His mother, born in Bouc-Bel-Air, had little money, but Thiers was able to receive a good education thanks to financial aid from an aunt and a godmother. He won admission to a lycée of Marseille through a competitive examination, and then, with the help of his relatives, was able to enter the faculty of law in Aix-en-Provence in November 1815. While studying at the faculty of law he began his lifelong friendship with François Mignet. They both were admitted to the bar in 1818; Thiers made a precarious living as a lawyer for three years. Thiers, who showed a strong interest in literature, won an academic prize of five hundred francs for an essay on the Marquis de Vauvenargues. Nonetheless, he was unhappy with his life in Aix-en-Provence. He wrote to his friend Teulon, "I am without fortune, without status, and without any hope of having either here." He decided to move to Paris and to try to make a career as a writer.
In 1821, the 24-year-old Thiers moved to Paris with just 100 francs in his pocket. Thanks to his letters of recommendation, he was able to get a position as a secretary to the prominent philanthropist and social reformer, the Duke of La Rochefoucalt-Liancourt.
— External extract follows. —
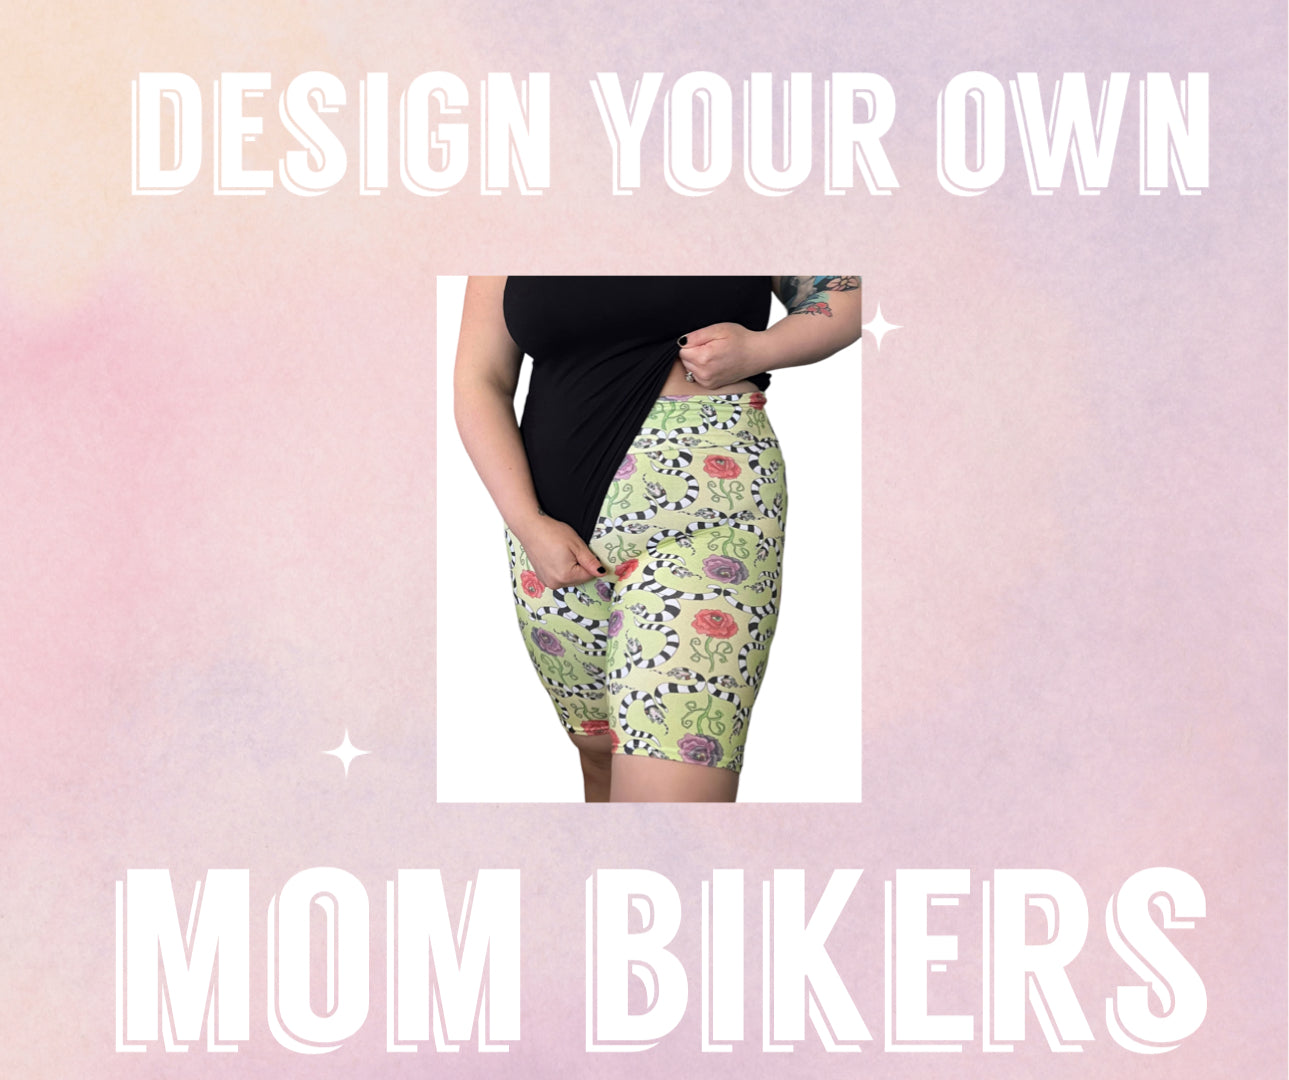 Design your own | Mom Biker Shorts

He stayed only three months with the Duke, whose political views were more conservative than his own, and with whom he could see no rapid avenue for advancement. He was then introduced to Charles-Guillaume Étienne, the editor of the Le Constitutionnel, the most influential political and literary journal in Paris at the time. The newspaper was the leading opposition journal against the royalist government; it had 44,000 subscribers, compared with just 12,800 subscribers for the royalist, or legitimist, press. He offered Etienne an essay on the political figure François Guizot, Thiers' future rival, which was original, polemical and aggressive, and caused a stir in Paris literary and political circles. Etienne commissioned Thiers as a regular contributor. At the same time that Thiers began writing, his friend from the law school in Aix, Mignet, was hired as a writer for another leading opposition journal, the Courier Français, and then worked for a major Paris book publisher. Within four months of his arrival in Paris, Thiers was one of the most-read journalists in the city.